Affiliations: University of Ferrara, Ferrara, Italy
General Hospital of Rovigo, Rovigo, Italy,
*Erasme University Hospital, Brussels, Belgium
Correspondence to: Annalisa Cogo, MD, Department of Clinical and Experimental Medicine, Section of Respiratory Diseases, University Via Savonarola 9, 44100 Ferrara, Italy; e-mail: email@example.com
We read with great interest the article by Abid et al (December 2001),1demonstrating the predictive value of microalbuminuria in the identification of more severe ICU patients. Microalbuminuria is reported to be an early feature of acute inflammatory conditions due to the rapid increase in renal permeability induced by inflammatory mediators and oxygen free radicals. In our opinion, hypoxemia also could play a role on capillary endothelial permeability as shown by much research, both in vivo and in vitro. In fact, studies at high altitude2 suggest that systemic hypoxemia may cause a generalized increase in capillary permeability, while in vitro studies have shown that cultured endothelial cells exposed to low oxygen concentrations4 become larger, and small intercellular gaps appear.
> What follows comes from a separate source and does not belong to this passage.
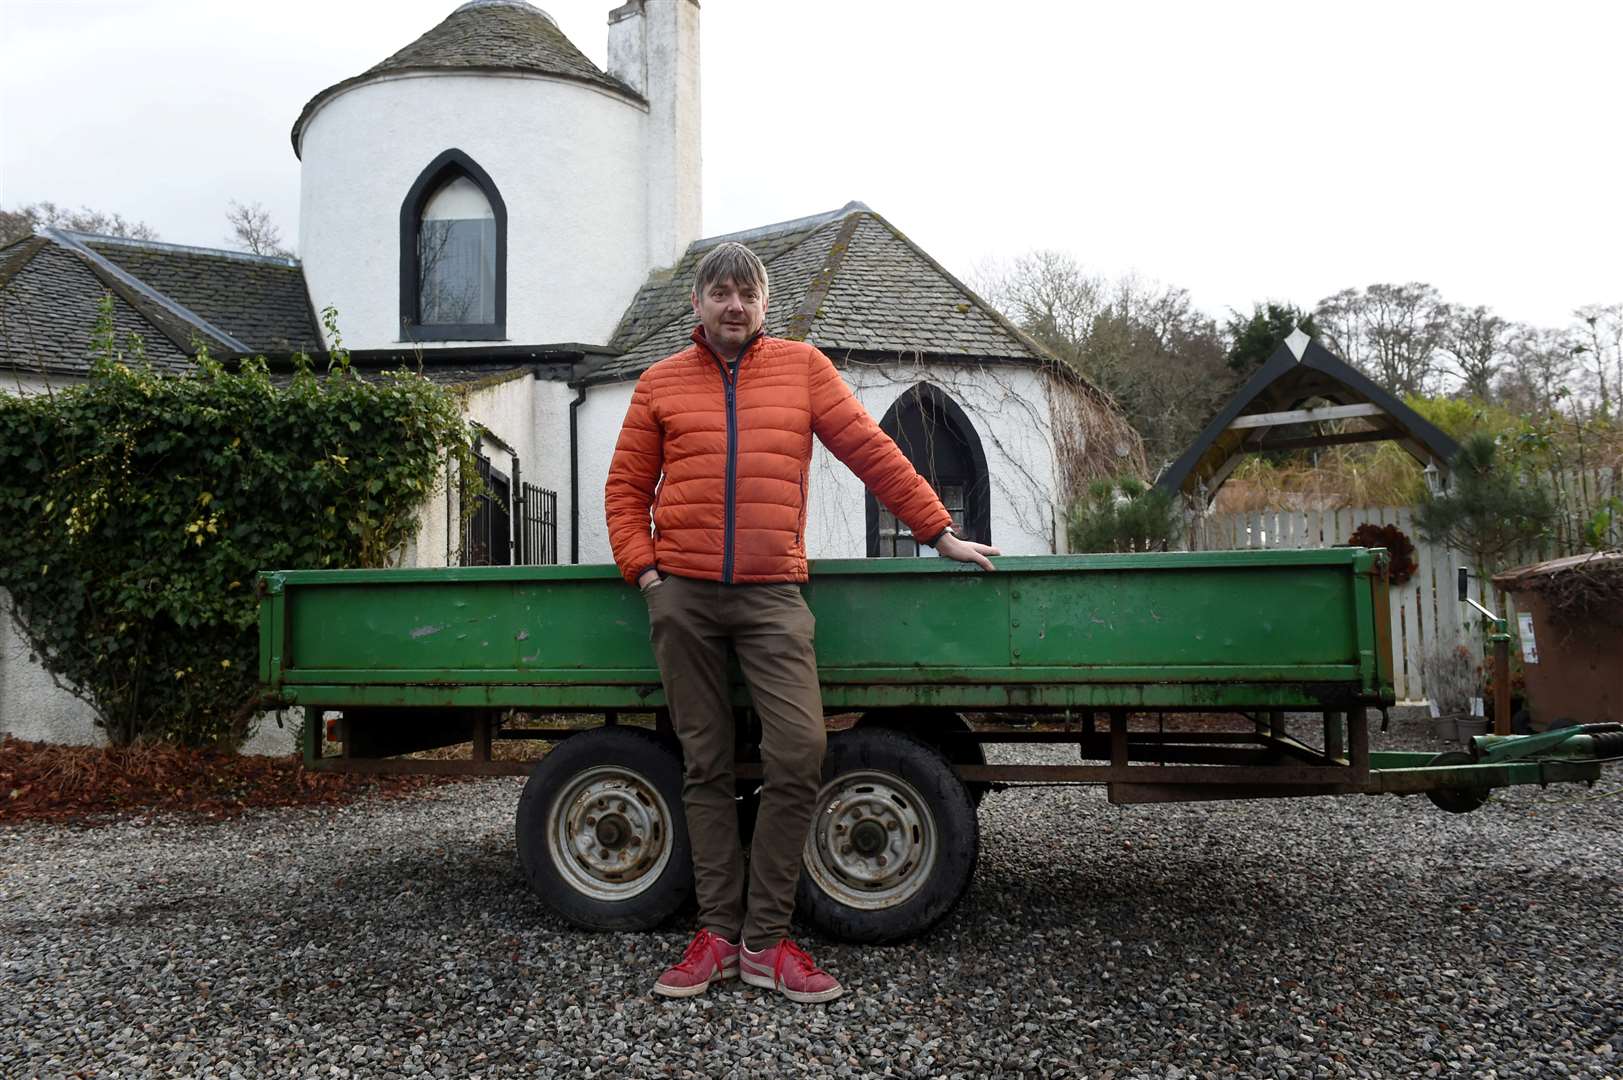 Rory Haigh and his double-axle trailer which he uses to transport garden waste.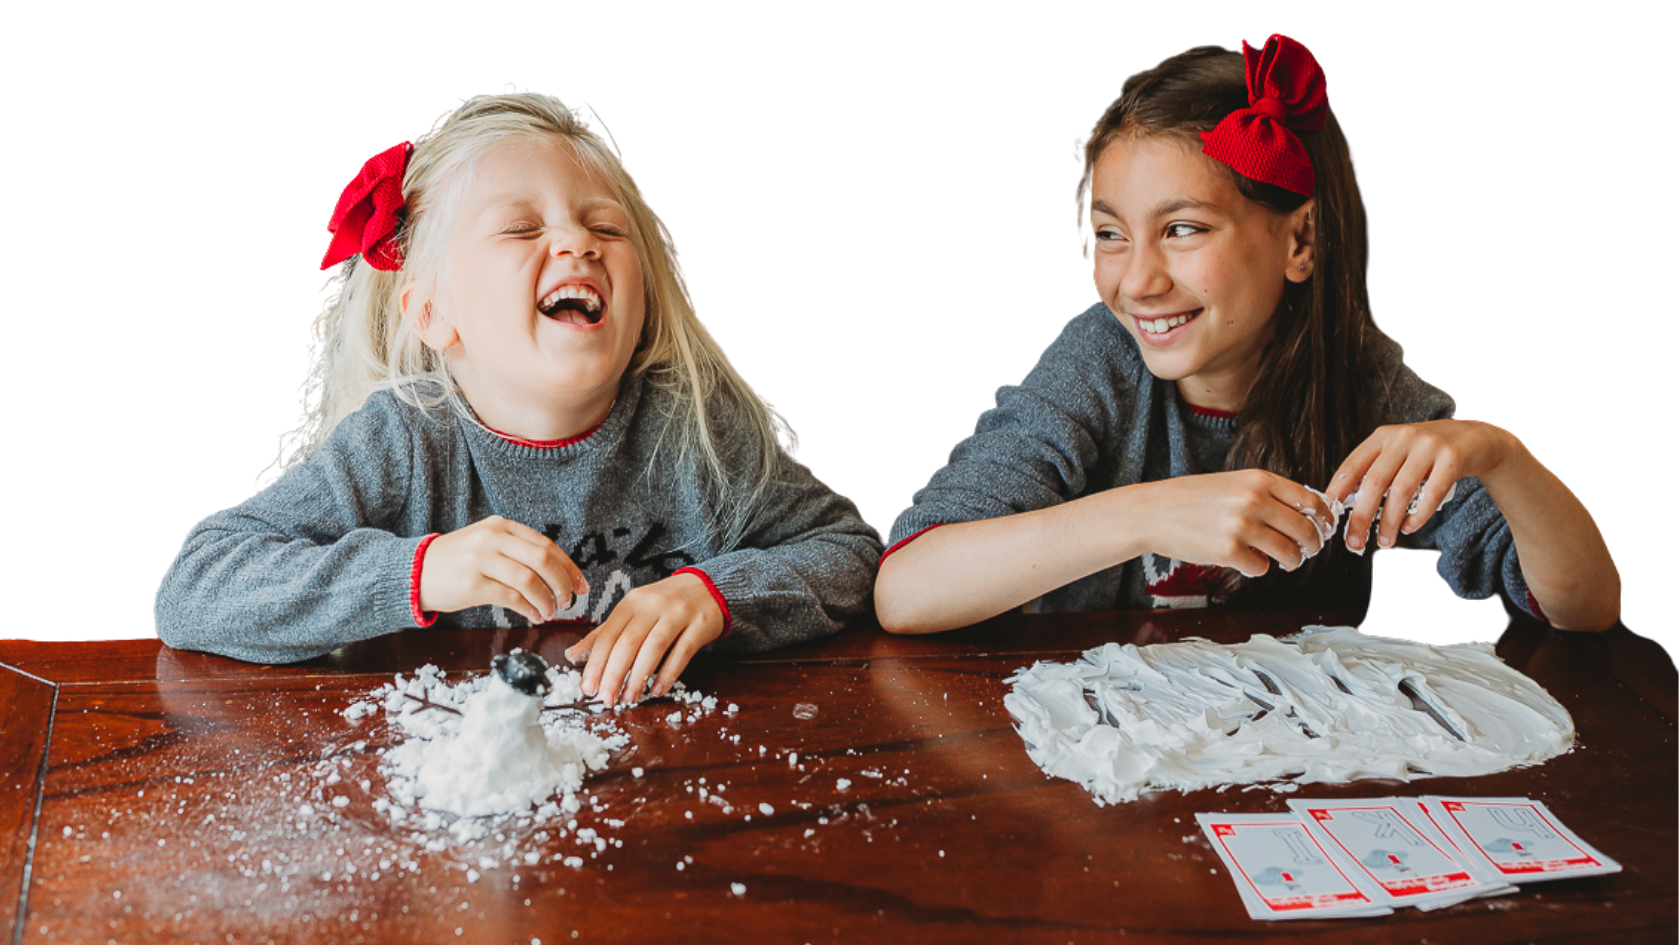 Preschool girl, head back, eyes clothed, laughing, playing with My Pre-K Box sensory snow, sister looking at her laughing, playing writing letters in sensory snow

These phenomena are reversible.
We therefore aimed to investigate the presence and degree of proteinuria in a group of patients with chronic lung diseases with or without respiratory failure by retrospectively examining the clinical records of all patients with chronic lung diseases admitted to our department (January 1998 to January 1999) due to a worsening of their respiratory conditions. Data from 177 patients were examined. Seventy-five patients were excluded due to the presence of other factors potentially inducing proteinuria (acidosis, renal failure, infections, systemic hypertension, diabetes, hypokalemia). Data from 102 patients (65 male and 37 female) are reported (Table 1
). A significant correlation was found between urinary proteins and Pao2 (p < 0.01). When the patients were classified into two groups, normoxemic and hypoxemic, using the value of 60 mm Hg (8 kPa) of Pao2 as cut-off, we didn’t find any significant difference, except for the degree of proteinuria.
Patients with respiratory failure seem to have a significantly increased proteinuria as compared to a similar group of patients without respiratory failure. As serum levels of proteins were similar in the two groups, we suppose that the observed proteinuria is an acute phenomenon, yet prolonged hypoxemia could lead to a reduction in serum total proteins that could contribute to a poor outcome.5 Monitoring urinary and serum levels of proteins should therefore be recommended in all patients with respiratory failure.
Data expressed as mean ± SE. NS = not significant.
We appreciate the comments by Dr. Cogo and colleagues, raising the hypothesis that hypoxemia in itself could play a role in the development of hypoalbuminemia. However, as in many areas of medicine, is this a cause-effect relationship or simply an association, ie, the inflammatory response is responsible for permeability alterations in the kidney (resulting in hypoalbuminuria) and in the lung (resulting in hypoxemia)?
Moreover, some of our patients required a high fraction of inspired oxygen (sometimes in addition to positive end-expiratory pressure), but we never allow hypoxemia (Pao2 < 60 mm Hg) to persist in critically ill patients. Hence, we do not believe a low Pao2, by itself, could have contributed to our findings.